Ma pensare, e mettere a terra, politiche industriali innovative, è molto più difficile e impegnativo che elargire bonus, cosa che invece viene bene ai nostri Demostene!
A questo punto sono certo che vi starete chiedendo: ma cosa c’entrano le automobili con i trattori e gli agricoltori?
C’entrano, perché entrambi pongono problemi che sono diretta conseguenza della globalizzazione.
A scanso equivoci, quelle che state leggendo non sono le elucubrazioni di un economista o di un esperto, bensì di un cittadino come voi, che si tiene un po’ informato, e che prova a fare “due più due”.
Inoltre io non sono assolutamente contrario alla globalizzazione (se gestita con intelligenza), e sono europeista fino al midollo perché sono convinto che fuori dall’Europa la nostra “Naaazzzziiiiioooone”, con il nostro debito pubblico e la nostra produttività, in breve si troverebbe nella medesima situazione dell’Argentina.
Chiarito questo, perché i cedimenti della Ue, e del Governo, agli agricoltori (una volta si sarebbe detto “calata di brache”) e il corteggiamento di Elkann da parte dei nostri “Potenti” sono le due facce di una stessa medaglia?
Meglio, della medaglia che mostra un’Europa assediata dalla globalizzazione?
Vi ricordate cosa rispondevano certi politici e certi “esperti” alle obiezioni di chi anni or sono manifestava qualche timore o perplessità?
In due parole; tranquilli, noi facciamo fare ai cinesi, ai vietnamiti, alle donne del Bangladesh, manufatti che prodotti da noi costerebbero tantissimo, e così li possiamo offrire ai nostri cittadini a prezzi contenuti; noi invece continueremo a detenere le tecnologie, e a gestire direttamente le lavorazioni di alta gamma e di elevata specializzazione.
Un po’ come facevano i Conquistadores, che prendevano l’oro dagli indios in cambio di perline.
Ma questi “so tutto” non hanno tenuto conto che i cinesi, gli indiani, e gli altri, alla fine le cose hanno imparato a farle da soli, hanno acquisito le tecnologie, le hanno sviluppate, e adesso avendo le materie prime che a noi mancano ci tengono per le palle.

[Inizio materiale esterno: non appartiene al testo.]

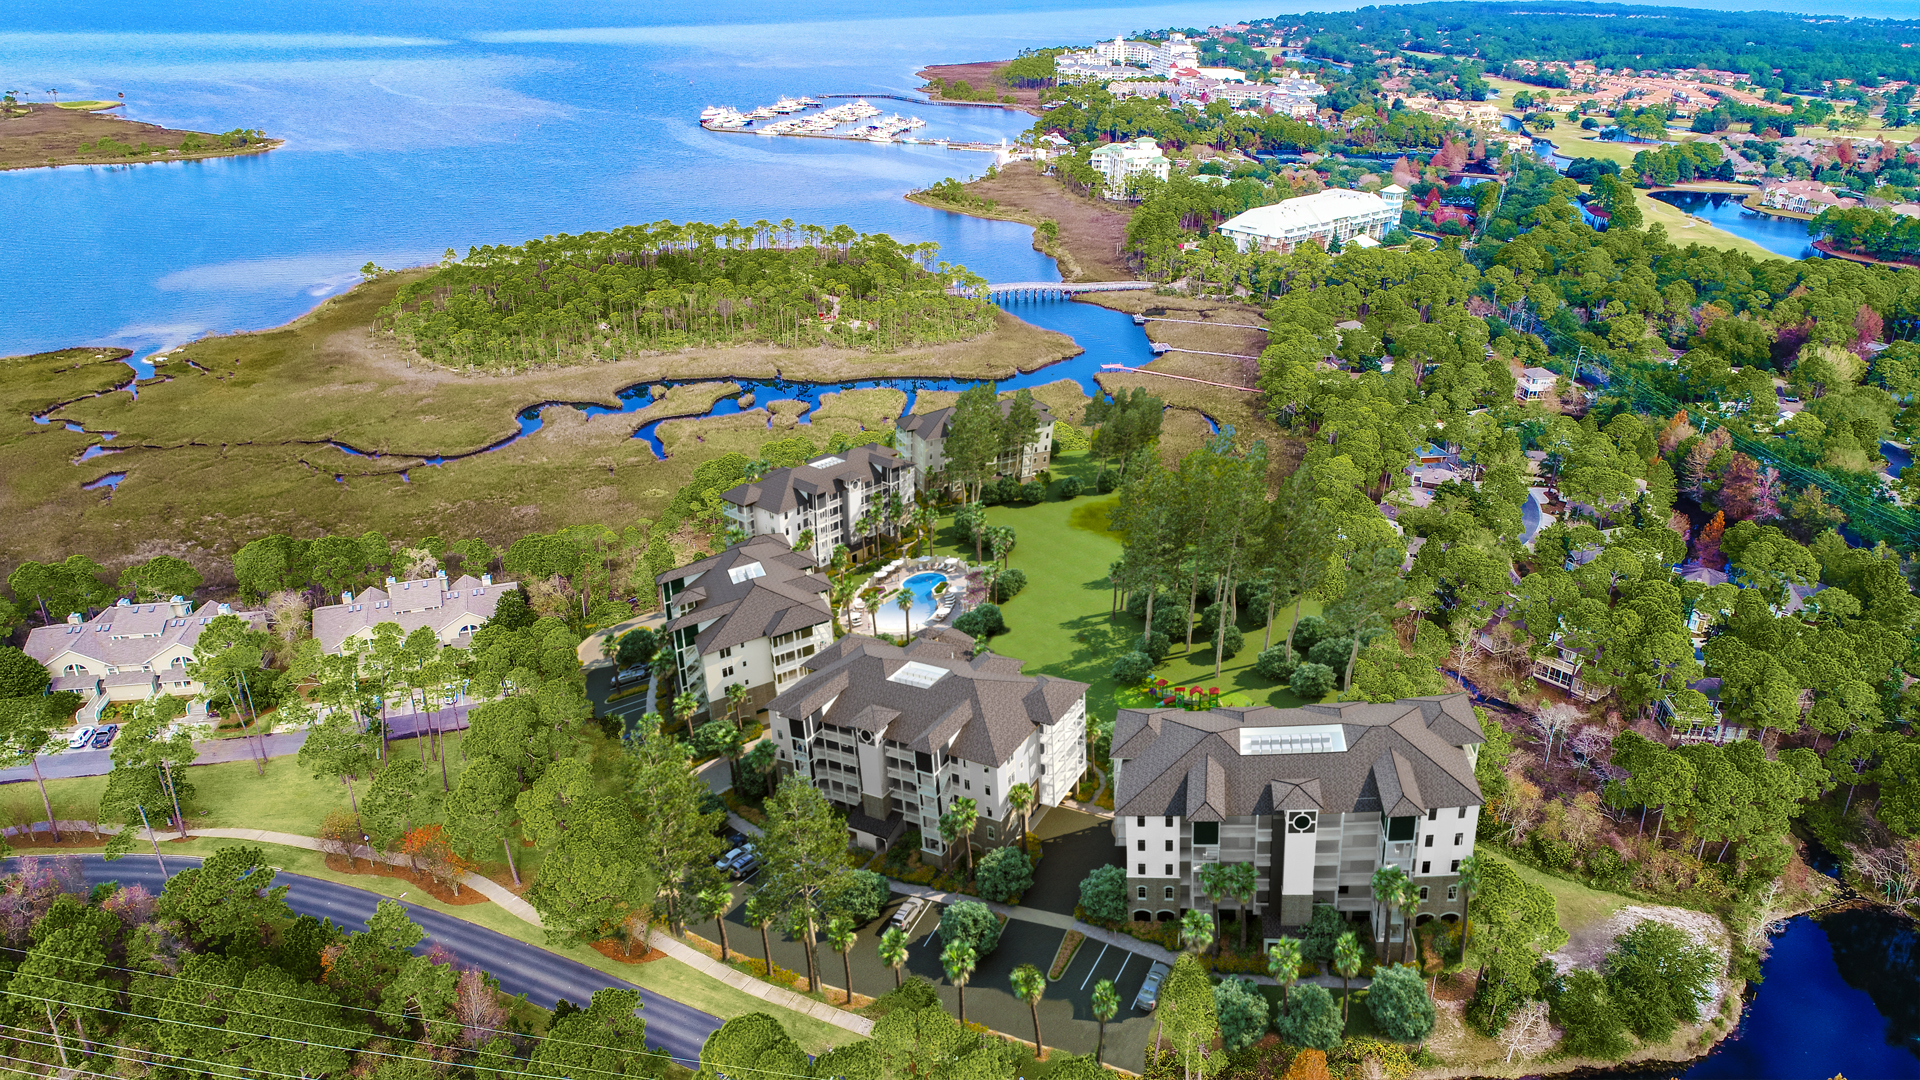 Sandestin Golf and Beach Resort is taking reservations now for the much anticipated, Osprey Pointe. The first new accommodations inside the gates of Sandestin in more than 12 years will welcome guests beginning March 2020. The 77-unit condominium complex offers luxurious 2, 3 and 4-bedroom vacation rental properties with captivating views of Choctawhatchee Bay, nature preserves and views of the exclusive Osprey Pointe Pool.

E’ questo il motivo per cui le nostre blasonate industrie automobilistiche europee stanno subendo sempre più la concorrenza cinese sulle auto elettriche!” E sarà sempre peggio da qui in avanti!
Analogamente funziona con i prodotti agricoli.

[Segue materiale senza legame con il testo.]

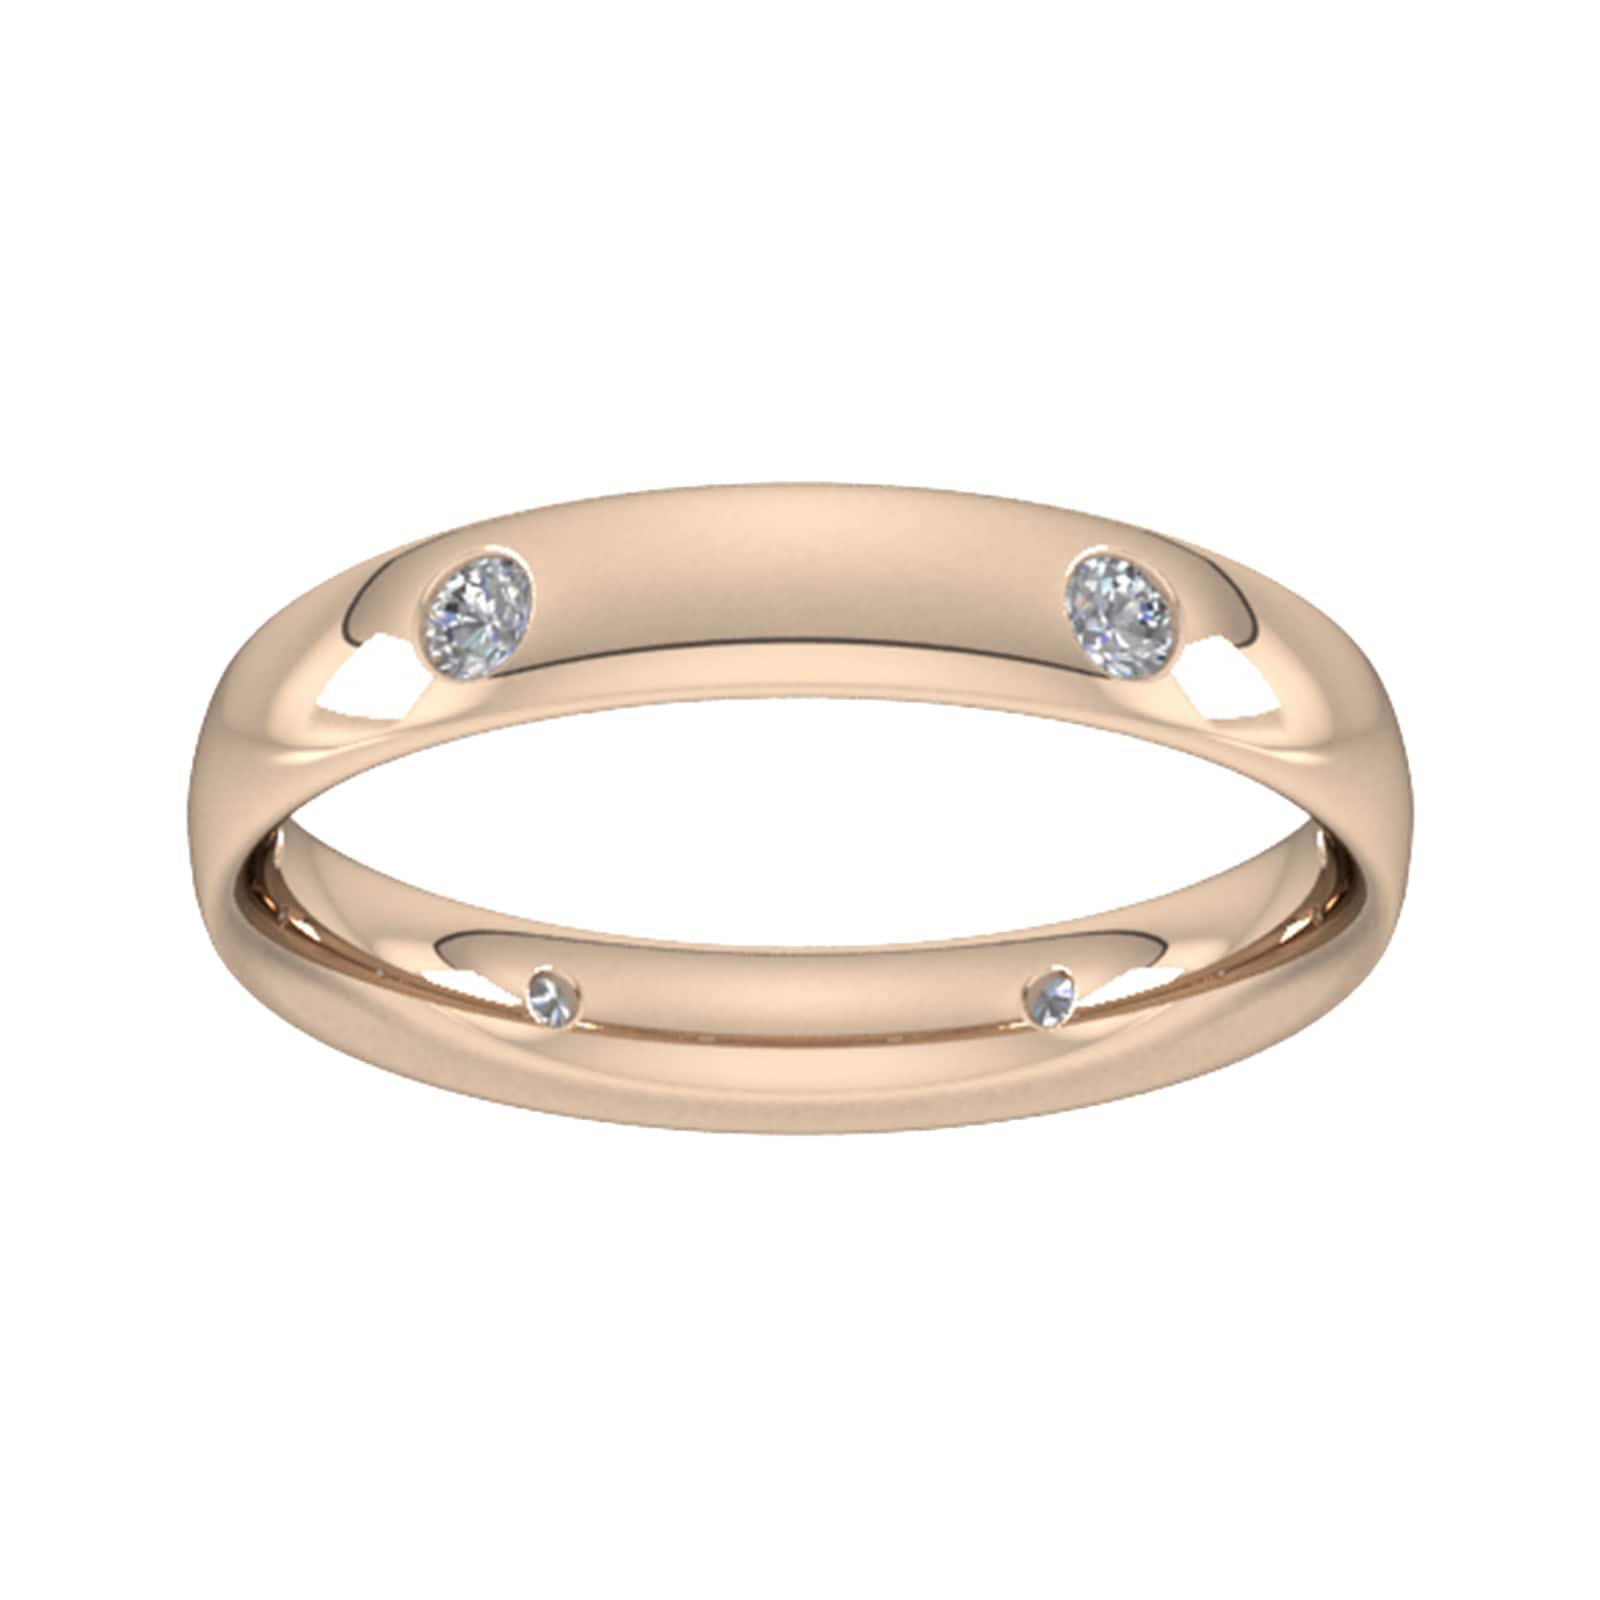 0.21 Carat Total Weight 6 Stone Brilliant Cut Rub Over Diamond Set Wedding Ring In 18 Carat Rose Gold - Ring Size R

Per fare un solo esempio basta limitarsi al grano.
A parte dall’Ucraina, grande produttrice di cereali, dagli Usa, dalla Russia, dall’India, e un po’ anche dalla Cina, la concorrenza agricola per l’Europa potrebbe arrivare anche dai Paesi del Sud America, non a caso al centro delle recenti proteste dei trattori per via dell’accordo di libero scambio tra l’Ue e il Mercosur (Brasile, la maggiore potenza economica della regione, Argentina, Bolivia, Paraguay e Uruguay).
Un trattato che prevede l’abbattimento dei dazi su circa il 90% dell’export sudamericano, siglato nel 2019 ma mai ratificato in Europa a causa della ferma opposizione di diversi Paesi (in testa la Francia di Macron, che teme la rabbia dei suoi agricoltori e soprattutto Marine Le Pen).
Cosa si può fare per rompere questo assedio all’Europa?
Riesumare politiche autarchiche, come fece a suo tempo il Fascismo?
Far rientrare in fretta e furia in Europa le lavorazioni ora delegate ad altri?
Per farle fare a chi, visto che la manodopera scarseggia ed i giovani certi lavori non li vogliono più fare?
Francamente non lo so! E mi piacerebbe veramente tanto sapere chi lo sa!
So solo che i problemi adesso cominciano ed essere evidenti; e gli operai dell’ automotive europea che giustamente temono per il futuro dei propri posti di lavoro, ed il letame scaricato davanti ai palazzi di Bruxelles nei giorni scorsi, rappresentano bene lo stato d’assedio in cui si ritrova il Vecchio Continente.